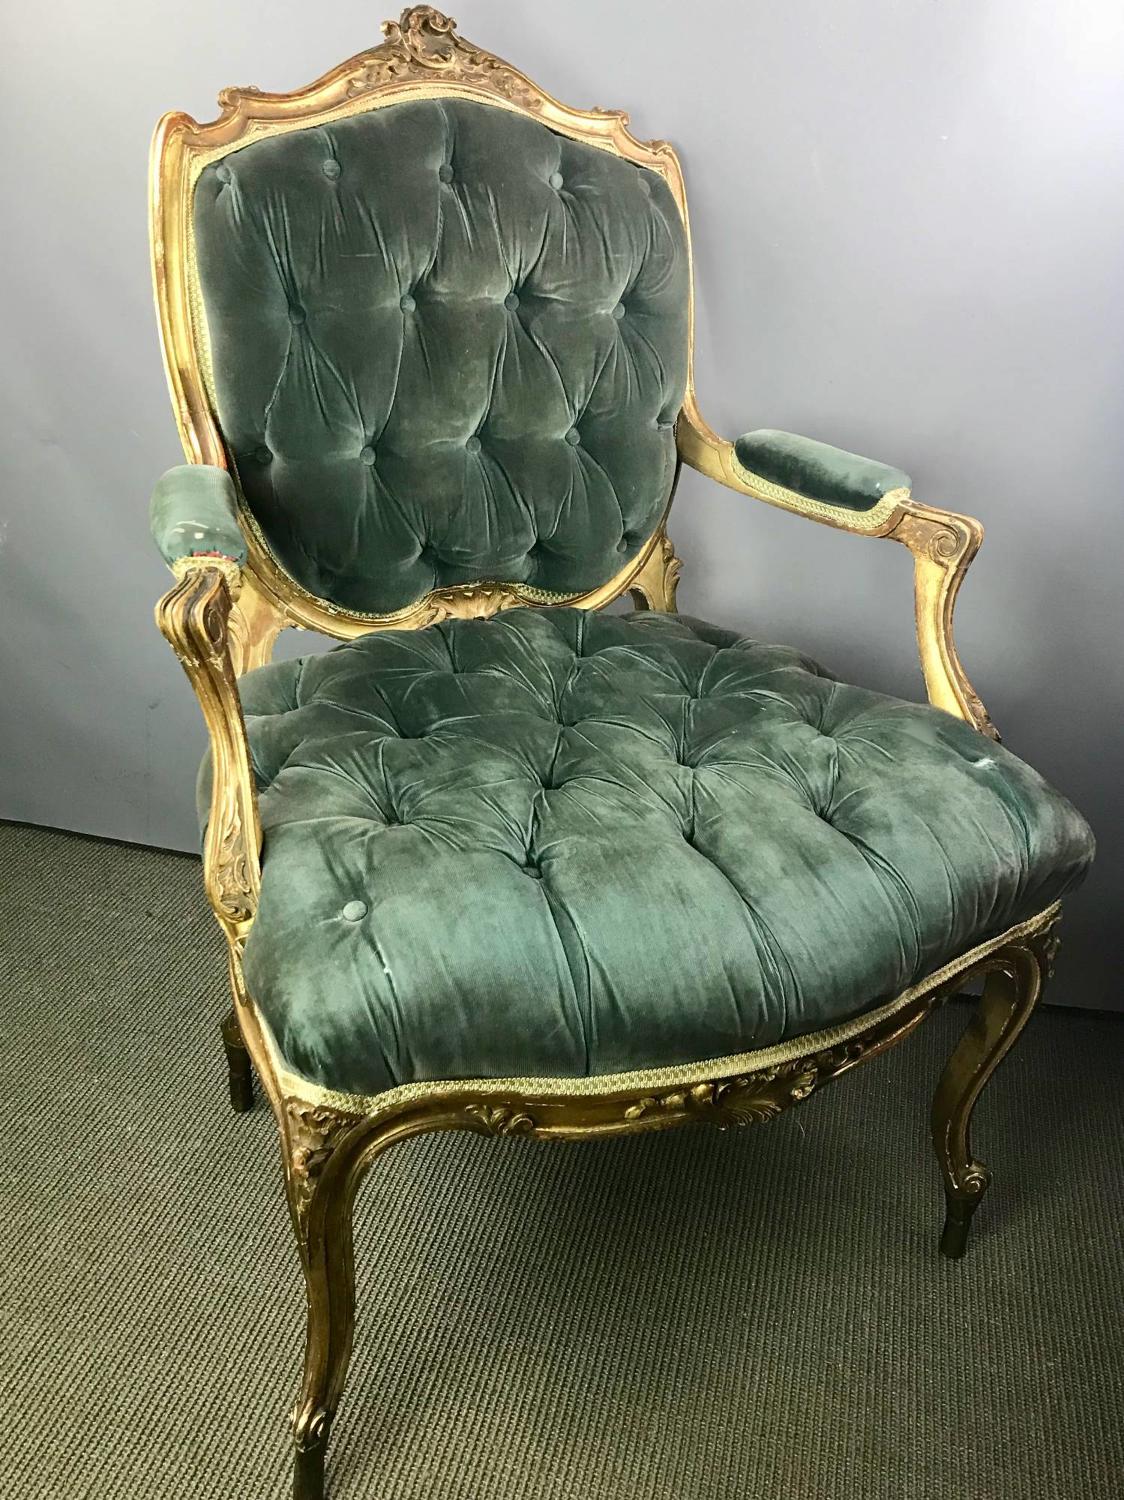 Antique Giltwood Fauteuil in Louis XVI Style
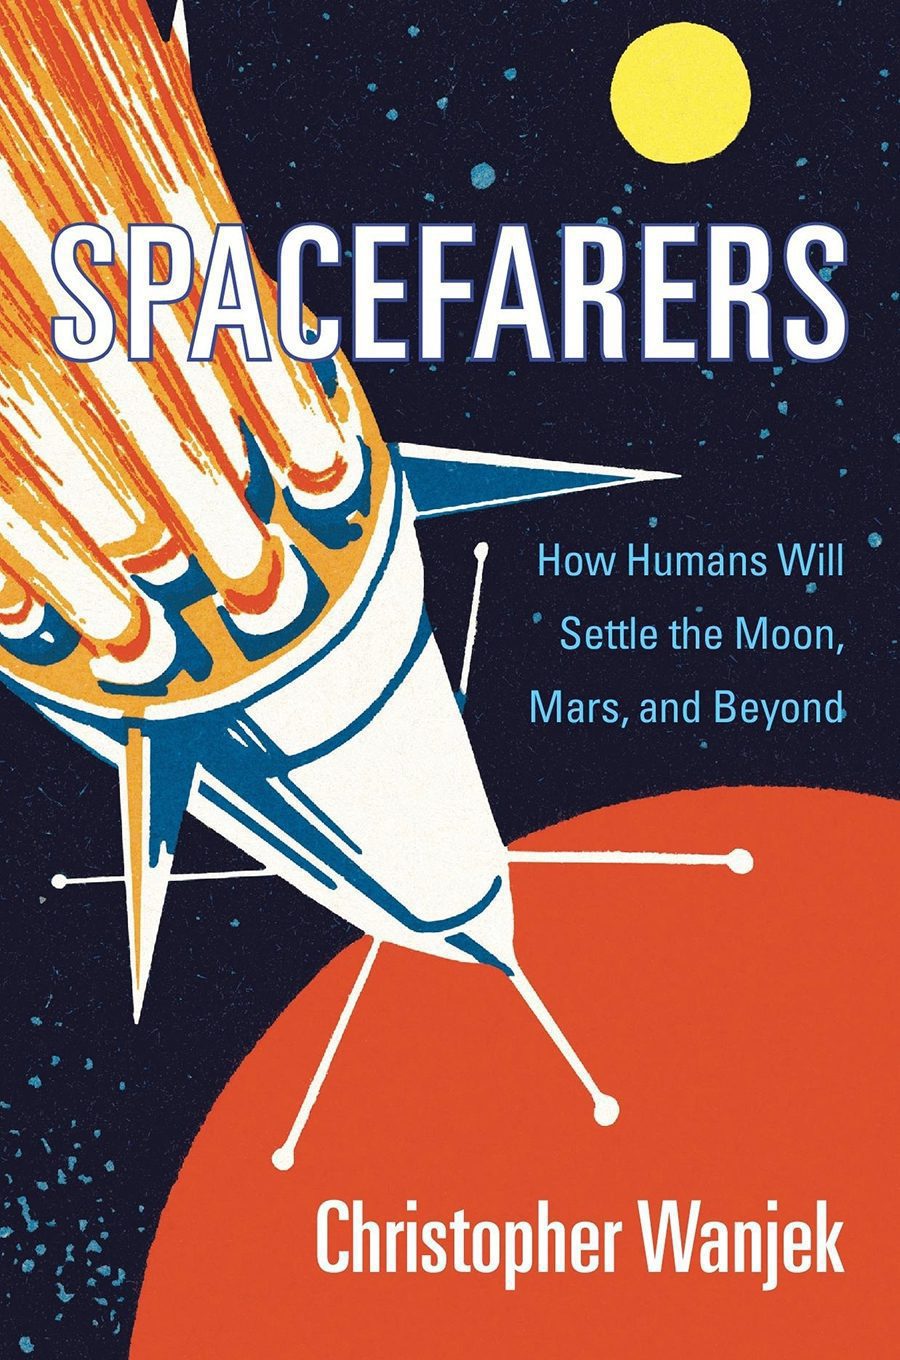 Spacefarers: How Humans Will Settle the Moon, Mars, and Beyond
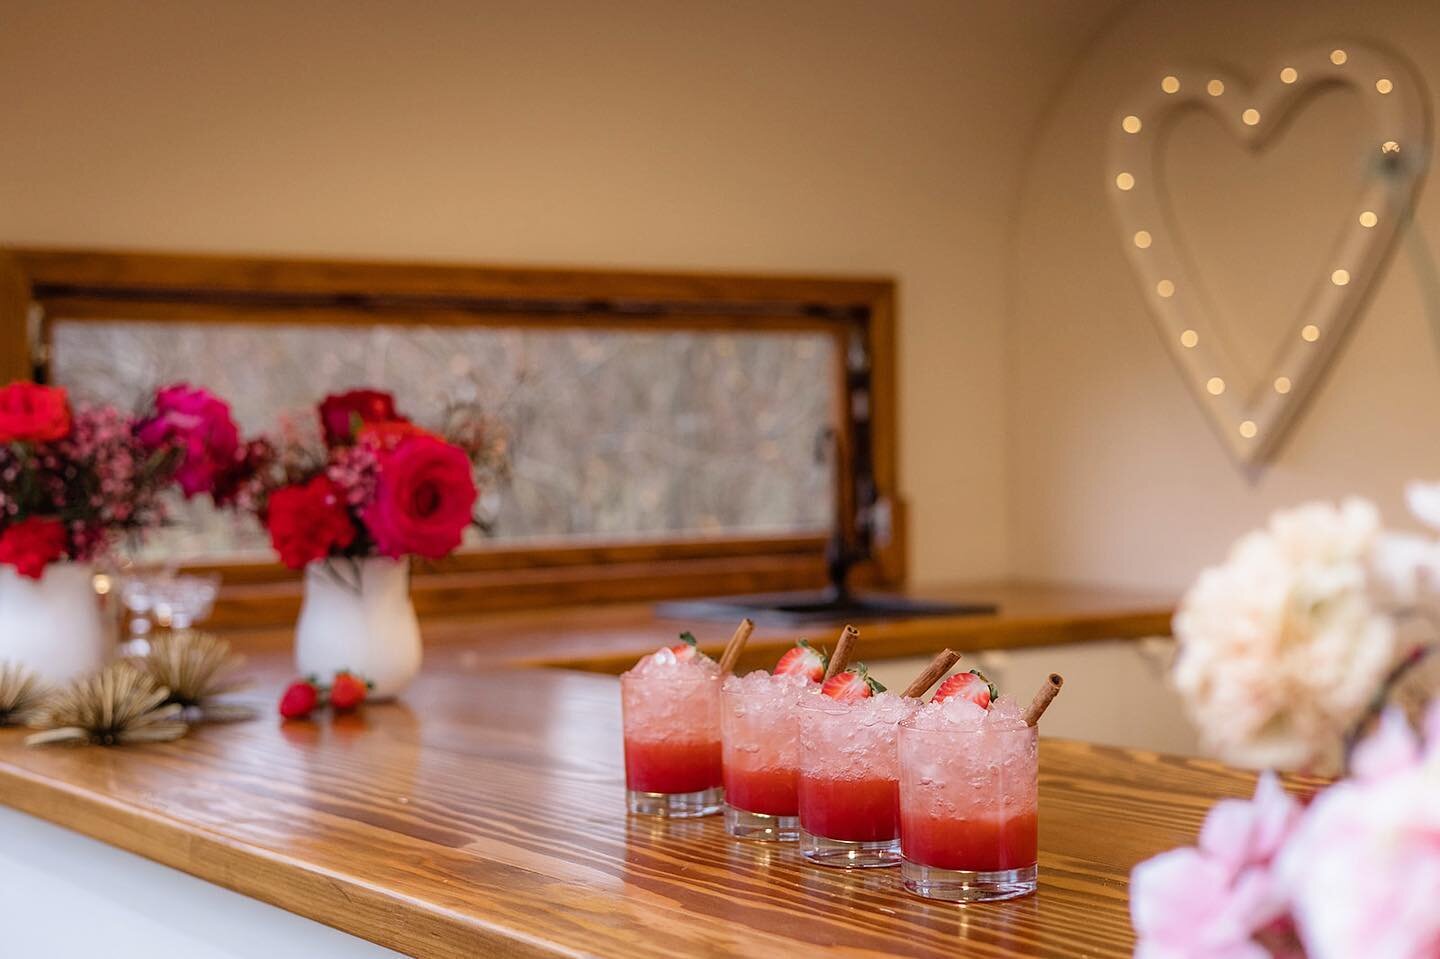 Happy Friday friends!

Let&rsquo;s talk SIGNATURE COCKTAILS!!! 

Signature cocktails are a fabulous way to personalize your wedding, shower, birthday or brand into an event They are a great way to inject beauty through colour and aesthetic as well as

========================

Exactly reproduce the entries above, minus the pictures.

▶ [Solution to this problem]:
 Antique Giltwood Fauteuil in Louis XVI Style
 Spacefarers: How Humans Will Settle the Moon, Mars, and Beyond
 Happy Friday friends!

Let&rsquo;s talk SIGNATURE COCKTAILS!!! 

Signature cocktails are a fabulous way to personalize your wedding, shower, birthday or brand into an event They are a great way to inject beauty through colour and aesthetic as well as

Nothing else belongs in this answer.